Senior Director, Preclinical/Nonclinical Consulting (NC)

In his role as Senior Director, Guy is responsible for providing strategic and technical advice on all aspects of pharmacokinetics and ADMET. He is an experienced DMPK scientist and consultant who has worked in drug metabolism for over 25 years. Guy’s focus is in understanding the biotransformation and drug-drug interaction (DDI) potential of new molecular entities and applying this knowledge to discovery and development programmes, advising on lead selection, applying metabolism-driven de-risking strategies and IND-enabling requirements. He holds a BSc in Chemistry and an MSc in Medicinal Chemistry and Drug Metabolism both from Loughborough University in the UK. Prior to joining ICON, Guy spent time at GSK conducting metabolism and in vitro ADMET screening studies, before taking several senior DMPK leadership roles within various contract research organisations including holding the role of Chief Scientist for In Vitro and DDI Sciences at Quotient for over 10 years. He has contributed to several successful New Drug Applications (NDAs) to date, providing the crucial DMPK (ADME, MIST) and DDI data sets required for regulatory review and approval. Guy has regularly attended the major worldwide metabolism and toxicology focussed conferences (ISSX, SOT, DMDG) giving presentations and presenting new work on many different aspects of DMPK. He has also given numerous webinars and published white papers on DDI, DILI and MIST assessment. 

Fiona Diamond, BSc, MSc, DABT, ERT, MRSB

Senior Director, Head of Preclinical/Nonclinical Consulting, Drug Development Services

Fiona currently heads up the Nonclinical Drug Development team at ICON, where she provides expert advice on the safety evaluation of pharmaceuticals and biopharmaceuticals.

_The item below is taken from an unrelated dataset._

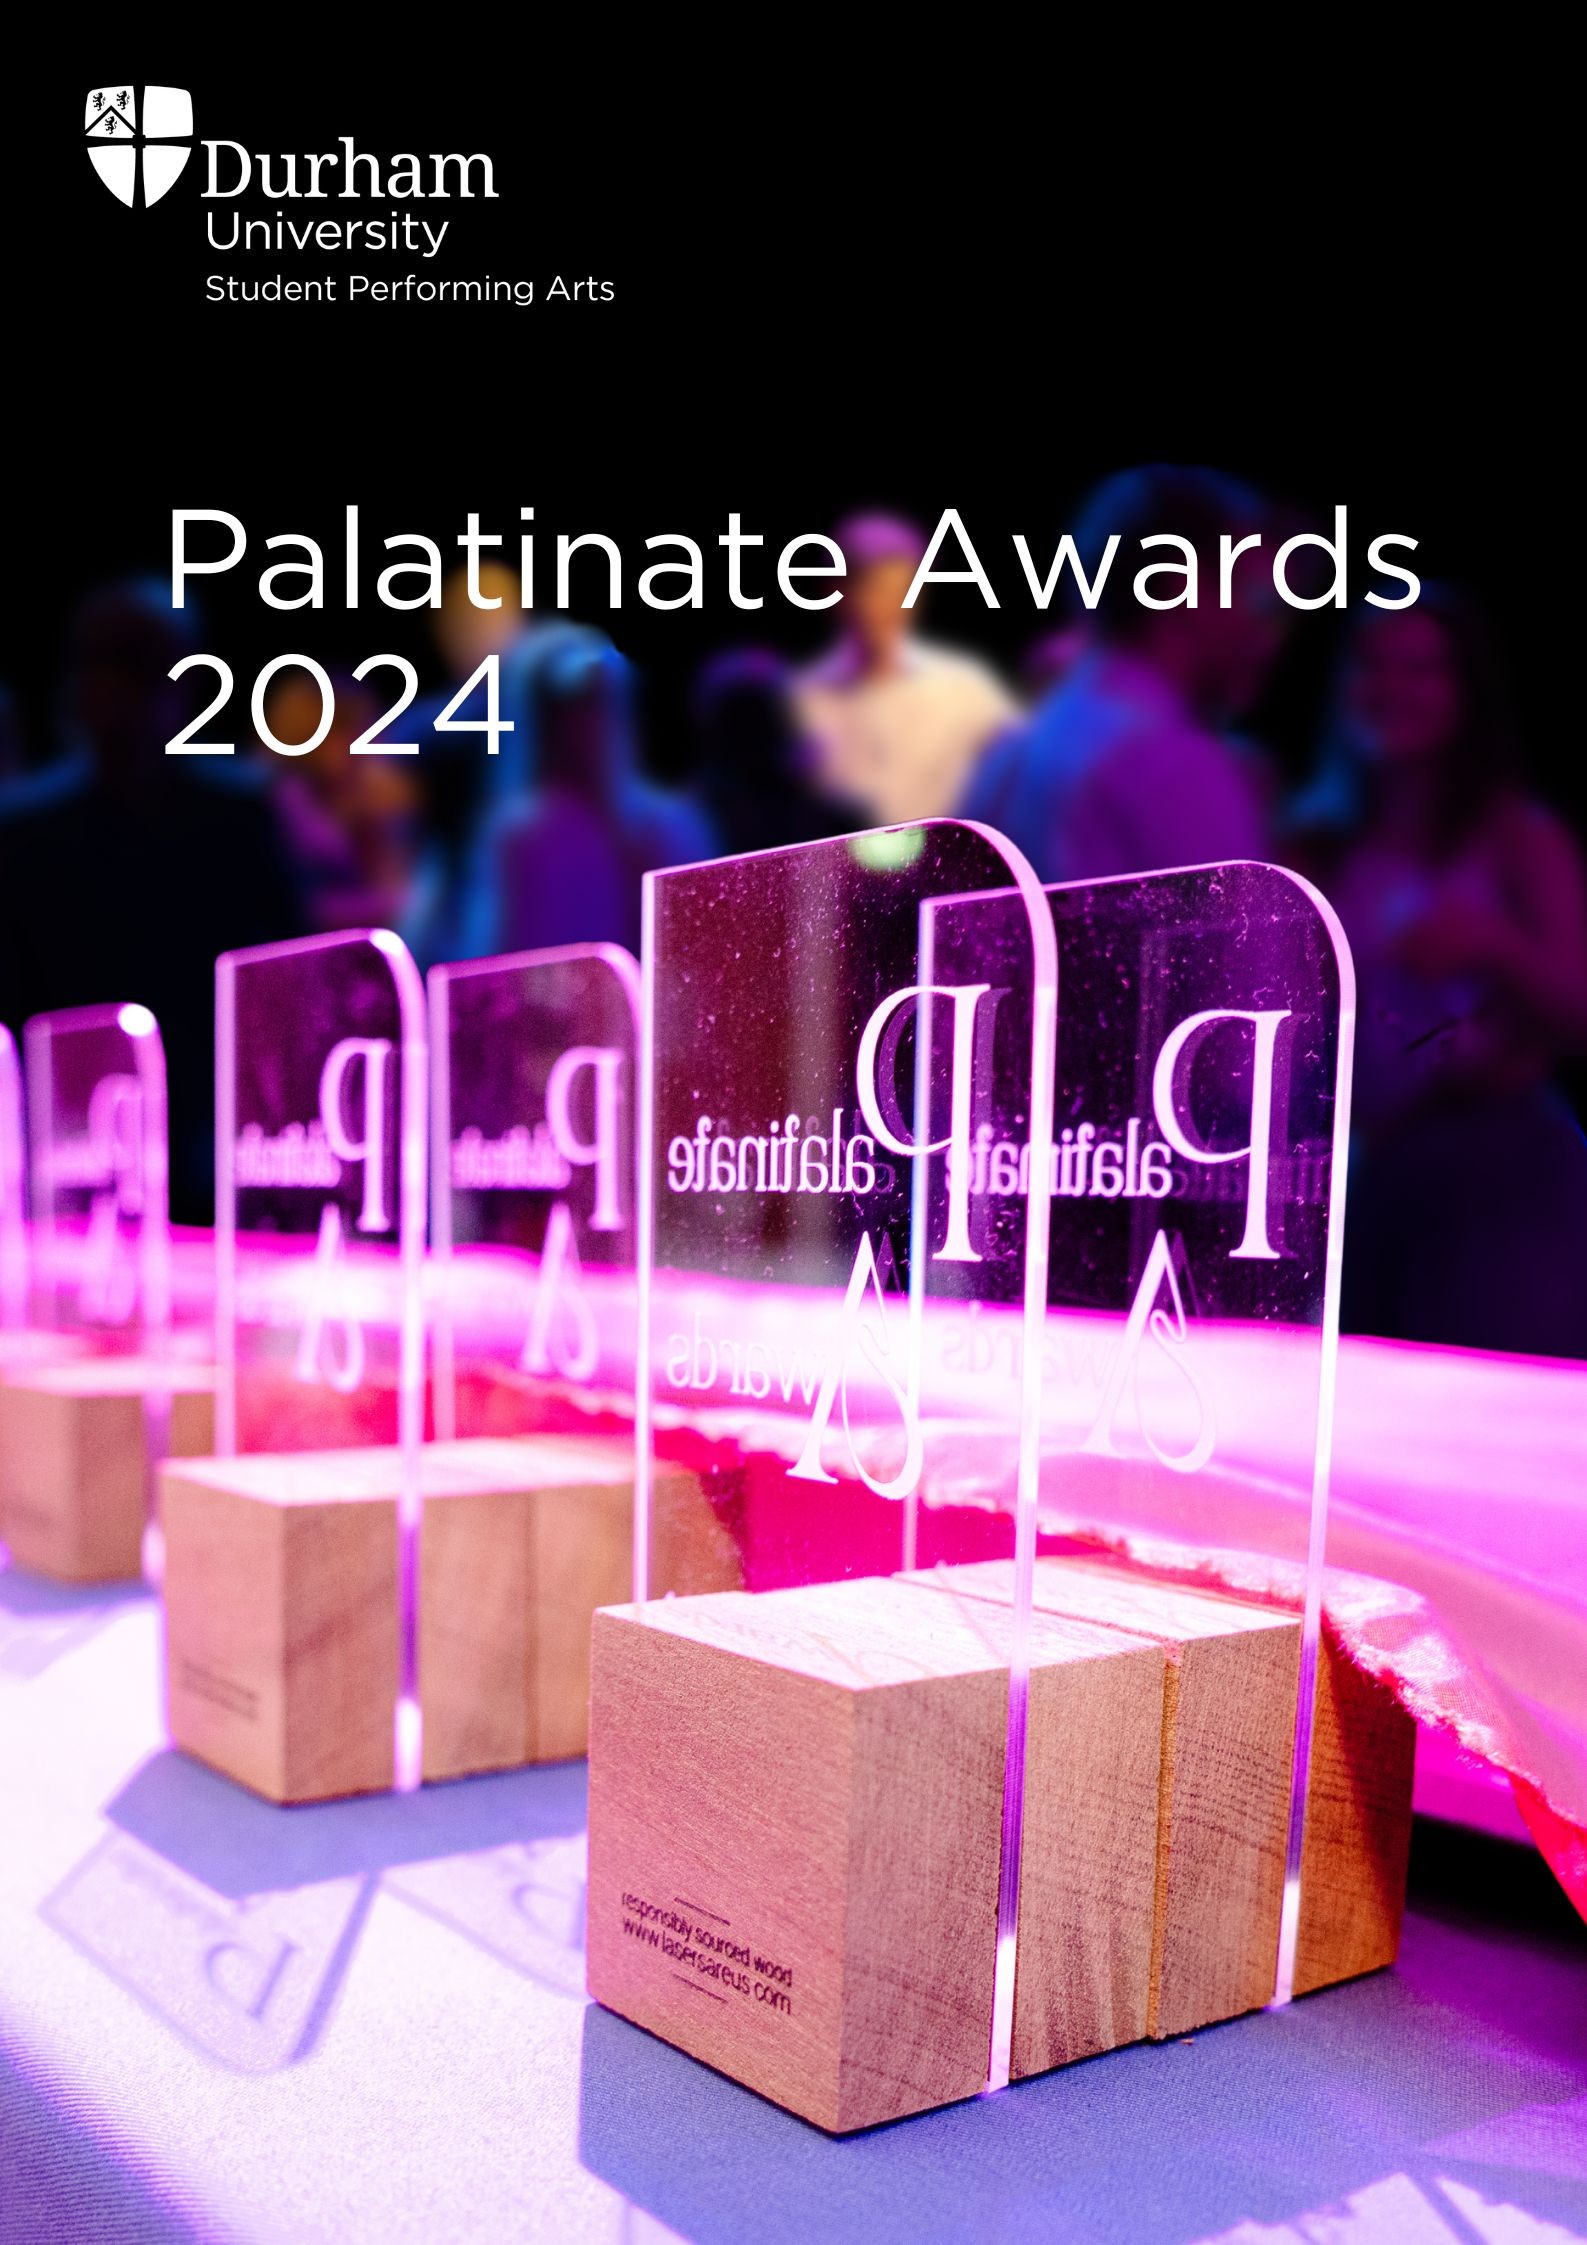 The Palatinate Awards 2024

Fiona has over 30 years of experience in drug development. Before taking up her role as a toxicology consultant within Fulcrum Pharma in 2006, Fiona spent 16 years in various Contract Research Organizations (CROs), gaining in depth practical knowledge of preclinical drug development. After initially gaining hands-on experience in radiolabelled ADME studies, she moved into the field of Toxicology, becoming a Study Director in 1996.  Since 2006, Fiona has gained extensive experience as a Study Monitor, and has conducted many technical audits of suppliers worldwide. She has directed a variety of projects, in a broad range of indications, and has compiled the nonclinical sections of many successful regulatory submissions, from First Time in Human through to Marketing Authorisation. Fiona has also interacted with the FDA, EMA and various member countries through written responses and meeting attendance.

Fiona holds a BSc in Life Sciences from Napier University, Edinburgh, an MSc (with distinction) in Applied Toxicology from the University of Surrey and is a Board certified toxicologist in the US (Diplomate of the American Board of Toxicology (DABT)) and Europe (European Registered Toxicologist (ERT)). She is also a Member of the Royal Society of Biology (MRSB).